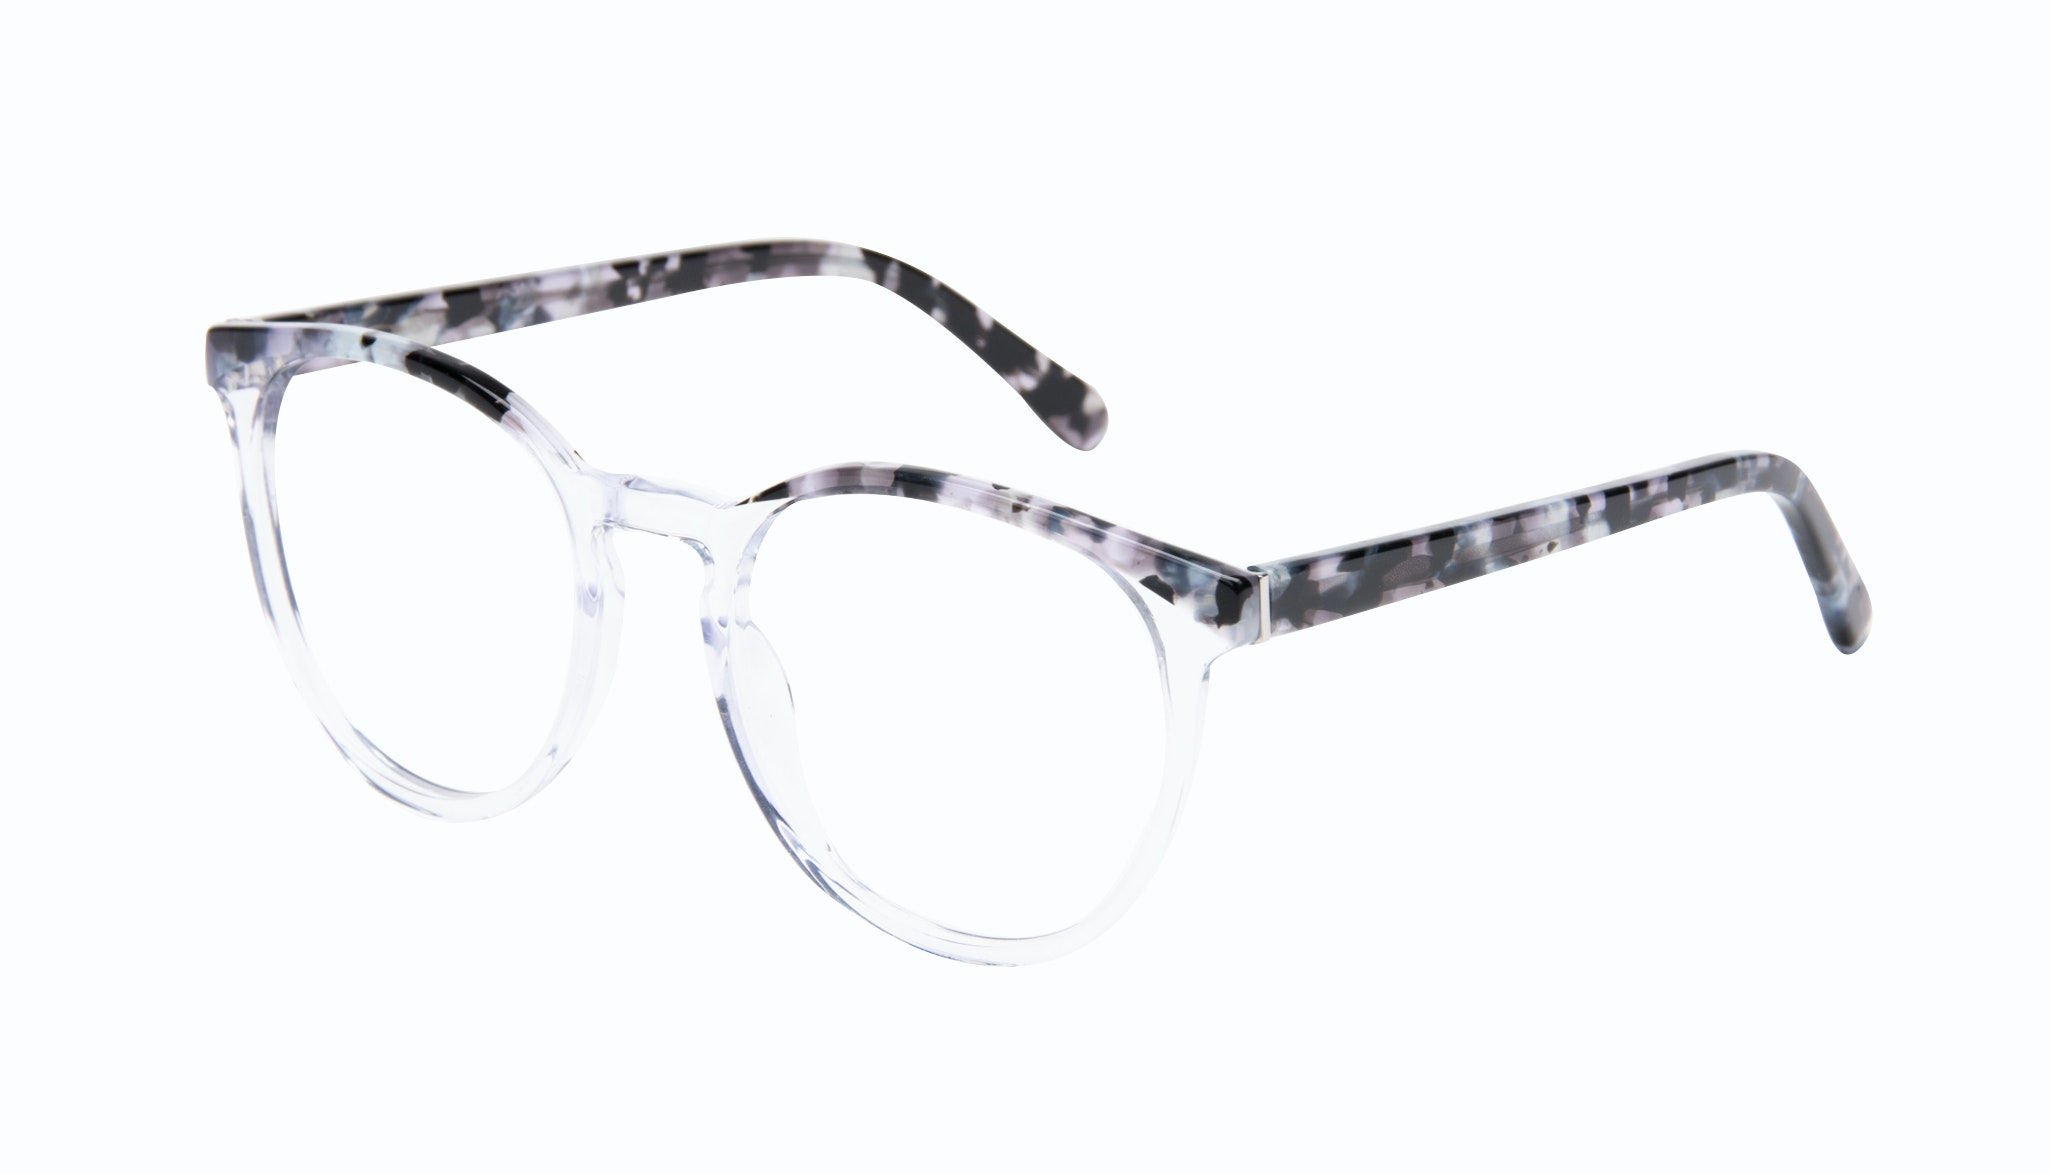 Affordable Fashion Glasses Round Eyeglasses Women Brilliant Cloud Tilt
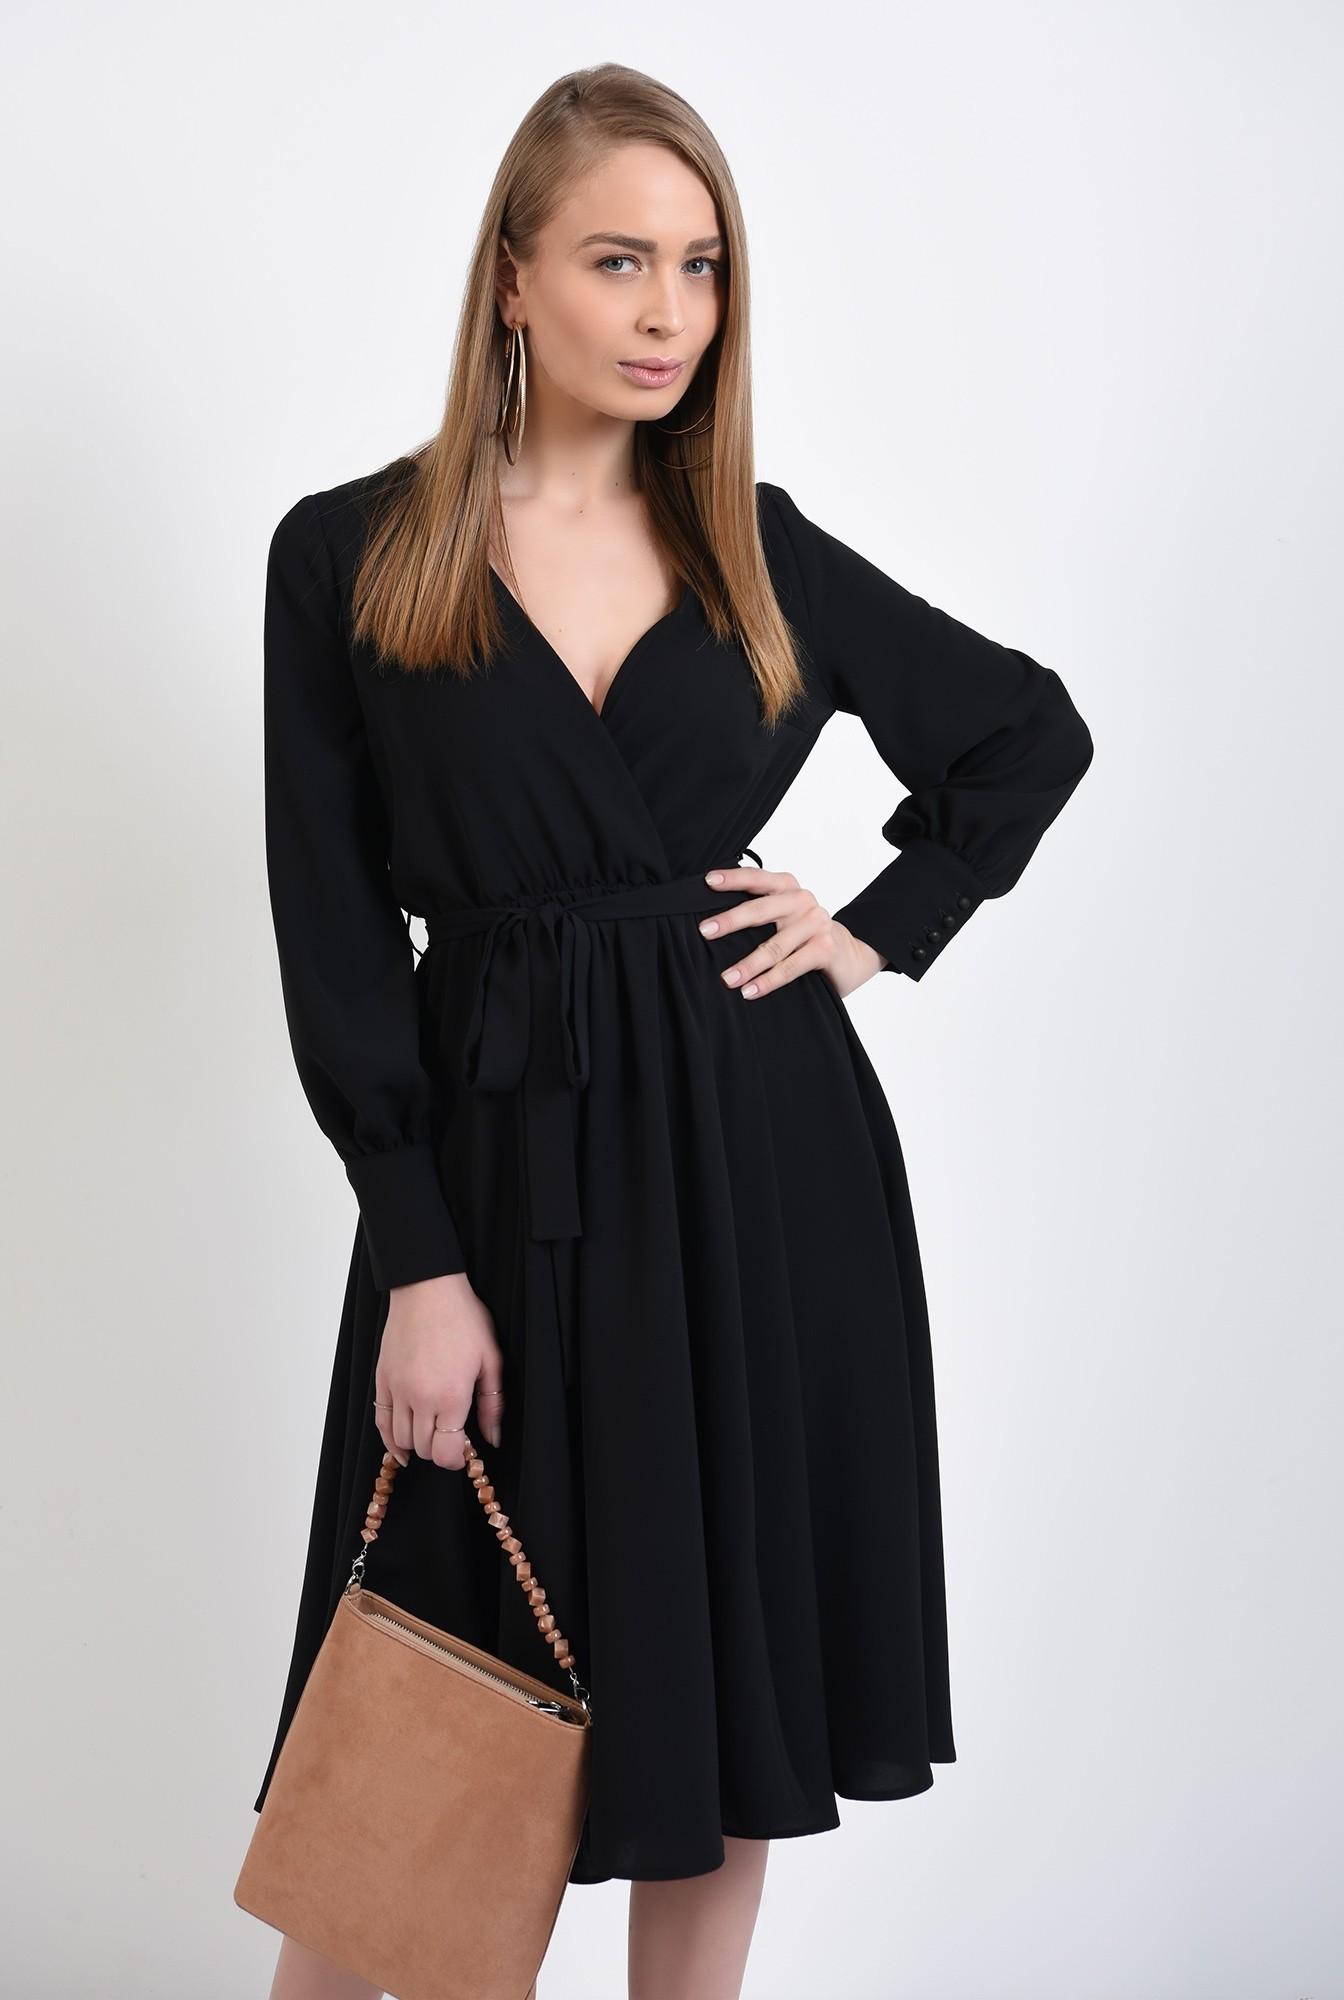 0 - rochie neagra, cu anchior petrecut, midi, evazata, cu cordon, rochie de primavara
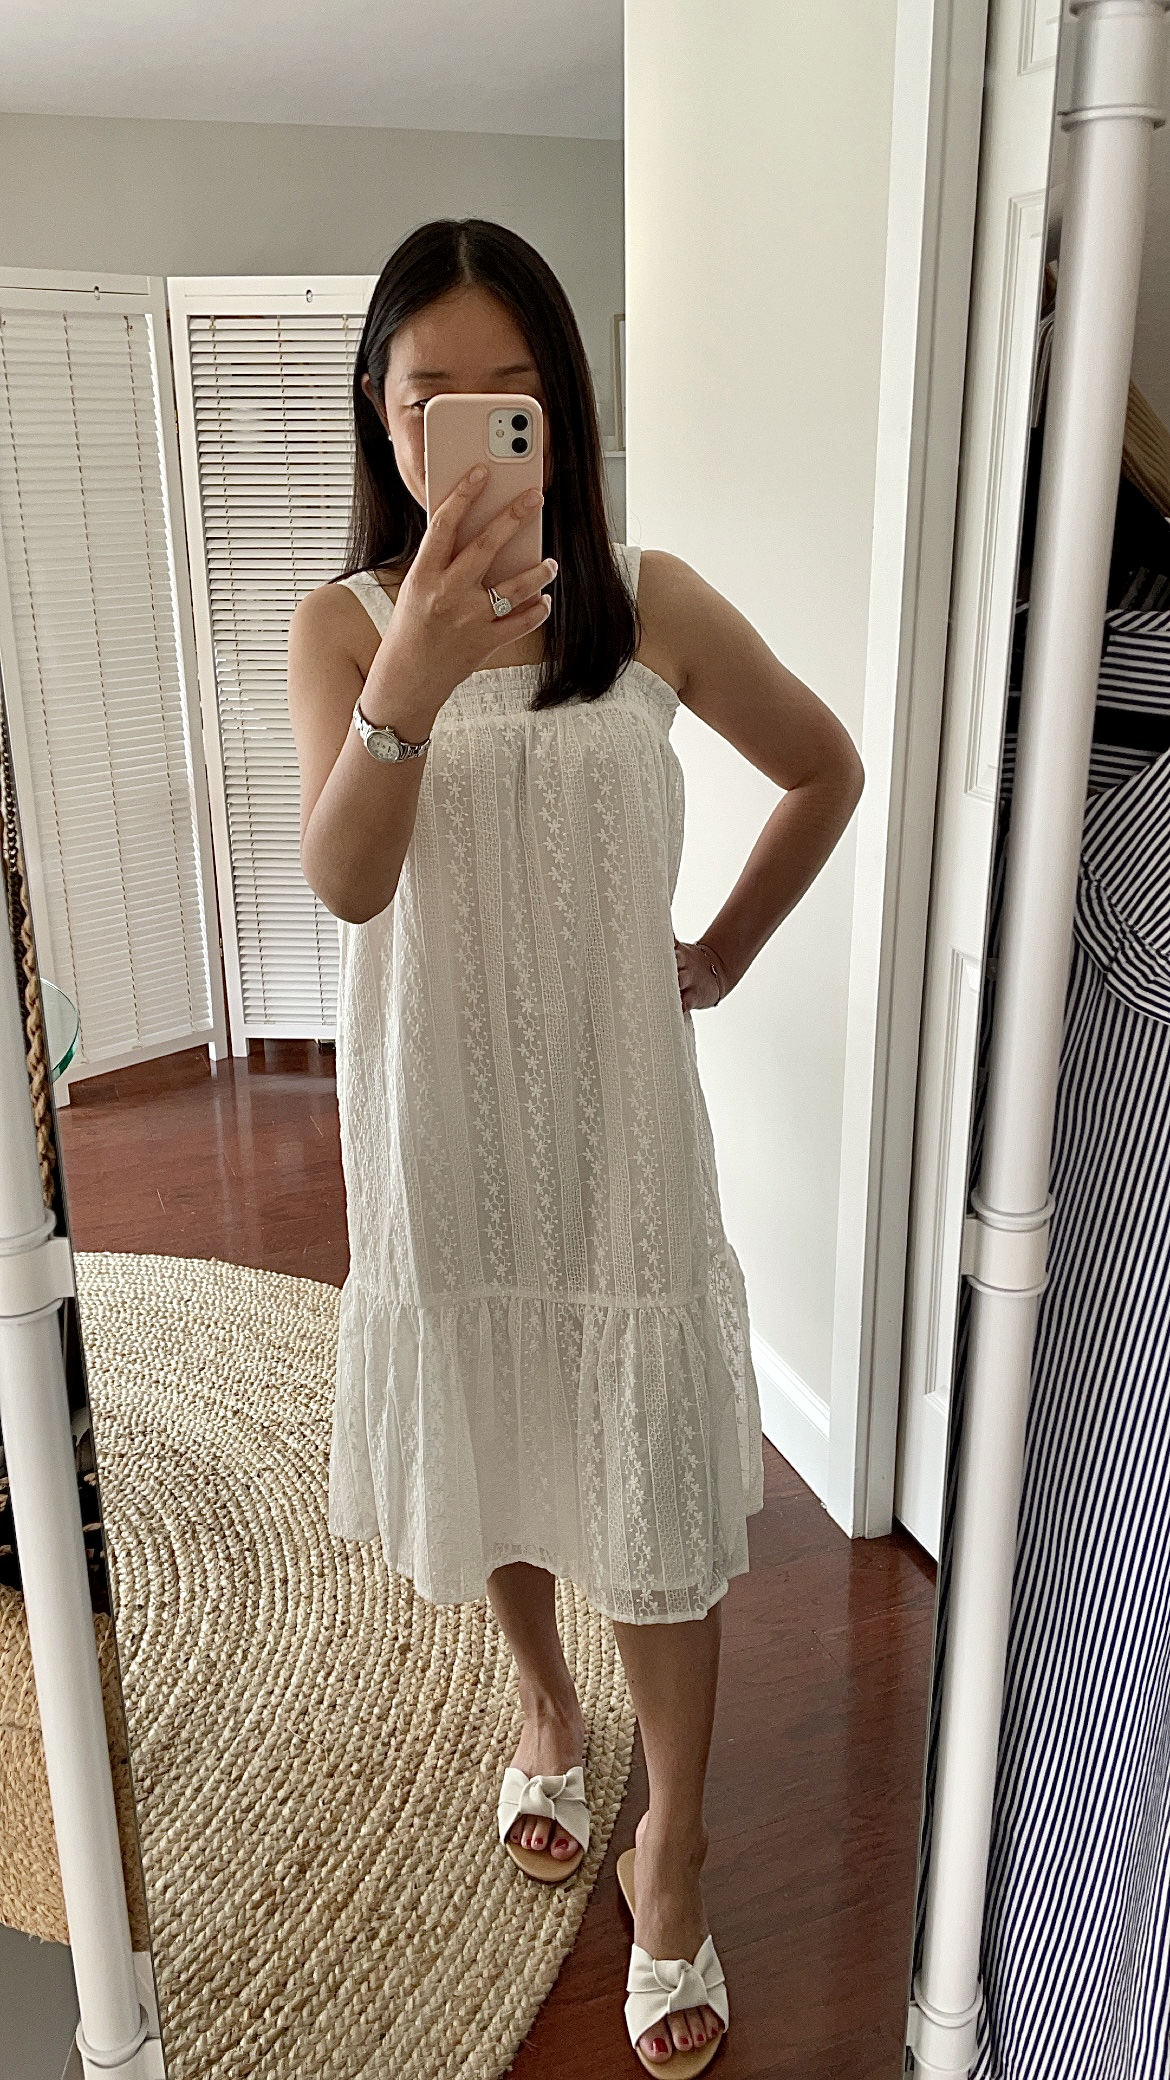 LOFT Smocked Square Neck Midi Dress, size XSP
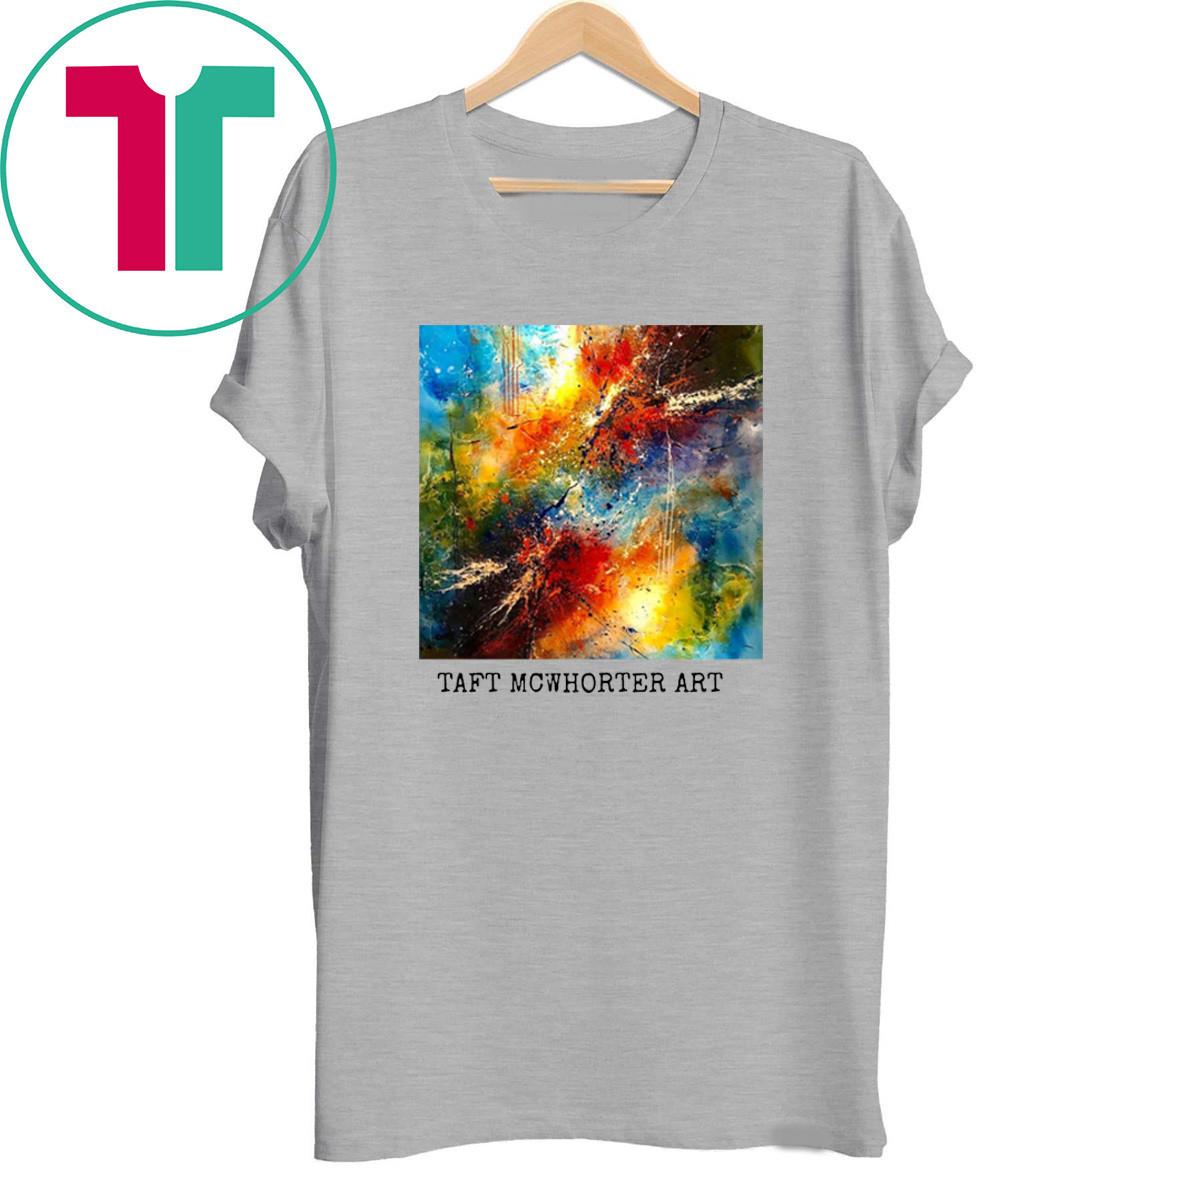 Original Art by Taft McWhorter for Artists and Art Lovers Shirt

WHAT NEEDS TO BE DONE: A verbatim copy of the data, free of pictures, is the expected answer.

SOLUTION TO THE EXERCISE:
 Affordable Fashion Glasses Round Eyeglasses Women Brilliant Cloud Tilt
 0 - rochie neagra, cu anchior petrecut, midi, evazata, cu cordon, rochie de primavara
 LOFT Smocked Square Neck Midi Dress, size XSP
 Original Art by Taft McWhorter for Artists and Art Lovers Shirt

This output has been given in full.